Improvements are made across the board when something does not prove physical reality and in turn conceptual reality.
You can call me crazy but sometimes I do have to argue the very things that I myself do.
I am basing the random distribution on three basic principles.
Calculations In The Code are made on interactions that happen after the initial state. Some thought, has to be put into the interactions that take place, to make sure they can be physically true. Interactions In The Code are self driven after the initial state - that is no further input is required by the initiator.
Analytically there will be numbers to look for and these numbers will result in more mathematics. Interpreting results will come down to looking for these numbers and using tools available to verify the numbers - the numbers are representative of the universe, if they are not then they are not good numbers. The numbers should at times have patterns associated with them or they are not representative of anything.
The more consistency found in the operation of the emulator and physical reality the more that the emulator can be applied to answering questions one might ask.
Static ambient density:
Where {a,b,c} is the center point of the cube. $$Ab = \frac{1 }{(1 + 4\pi((x-a)^2 + (y-b)^2 + (z-c)^2))}$$
I wonder whether this is the only way to achieve this - whatever way is used would still be representative of this.
Ambient density has come from the distribution of fuzzballs. Where else would it come from?
The ambient doesn’t “come from” the “fuzzballs”. The ambient IS the fuzzballs.
The only way to achieve what?
If the whole universe is made of affectance then the ambient density is also fuzz - different fuzzing leads to different affects.
Fuzzballs are conveniently chosen portions of affectance - Ambient density has become differential from the balls not come from the balls.
Ambient density is just an unwanted artifact that is necessary to make contrast.
I appreciate you questioning everything phyllo. I wish there was a thumbs up smiley.
The only way to achieve what?
Oh there is a thumbs up, cool. Achieve static ambient density given the emulator is fundamentally working off discrete principles. Surely there is a way to get closer to the machine is what I am wondering - the end result would be that math.
I’m still lost as to what you are thinking. That formula is for the light scatter simulation. The formula yields a static ambient field density representative of an amassed monoparticle in the center of the cube with no other affectance present. A group of afflates are then to be introduced propagating from one side. As each afflate traverses the mass field, it’s trajectory will be altered.
I knew you would be still lost after I made the post and read it - I am thinking on the fly to see how much of this is internalized hence why I was appreciative of phyllo’s questions. I understand what the formula is for - I was wondering how I could translate it beyond regular code, closer to the machine - assembly code mixed with binary operations.

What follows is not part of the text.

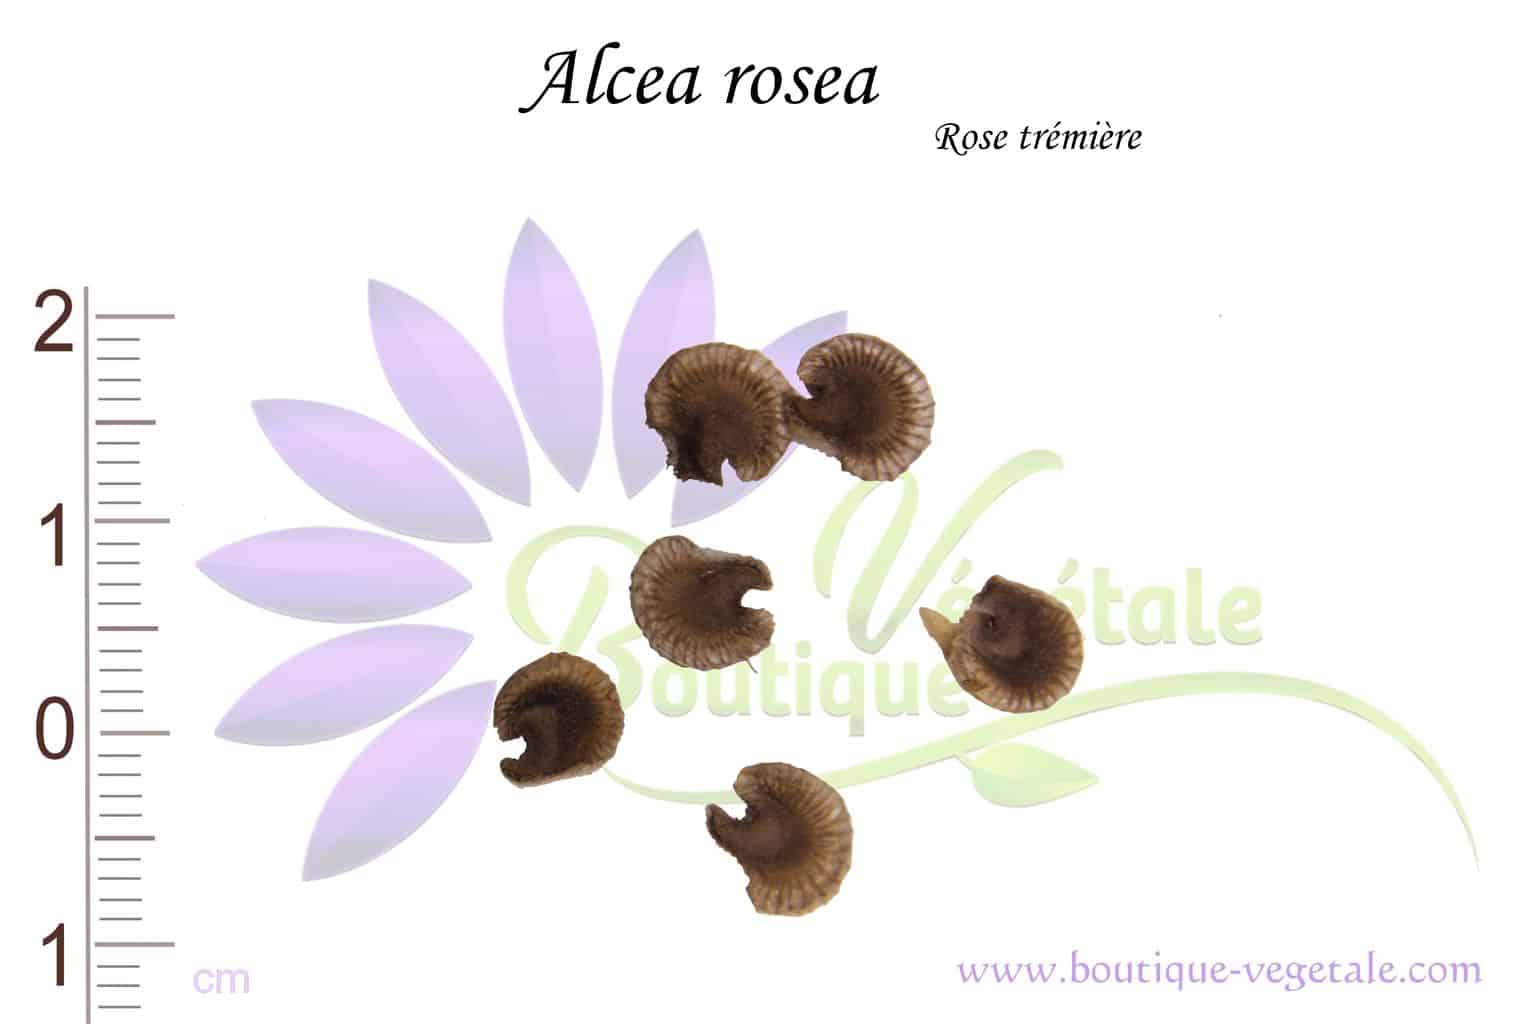 Graines d'Alcea rosea, Alcea rosea seeds

You are saying to create an amassed monoparticle, in the center of the cube - I am saying the same except I will have other affectance present. Point the afflates at it, as they approach there is going to be “force” between them and the monoparticle, and each other - I imagine some repulsive force is present and momentum to give the slingshot.
Speed versus density? Perhaps.
The repulsion is an illusion.
I am further stating to create an affectance field, such that it is static with more mass in the center.
“Unwanted artifact”?
The density will produce the specific pattern of motion that you see in the cube. Without it, the motion would be random.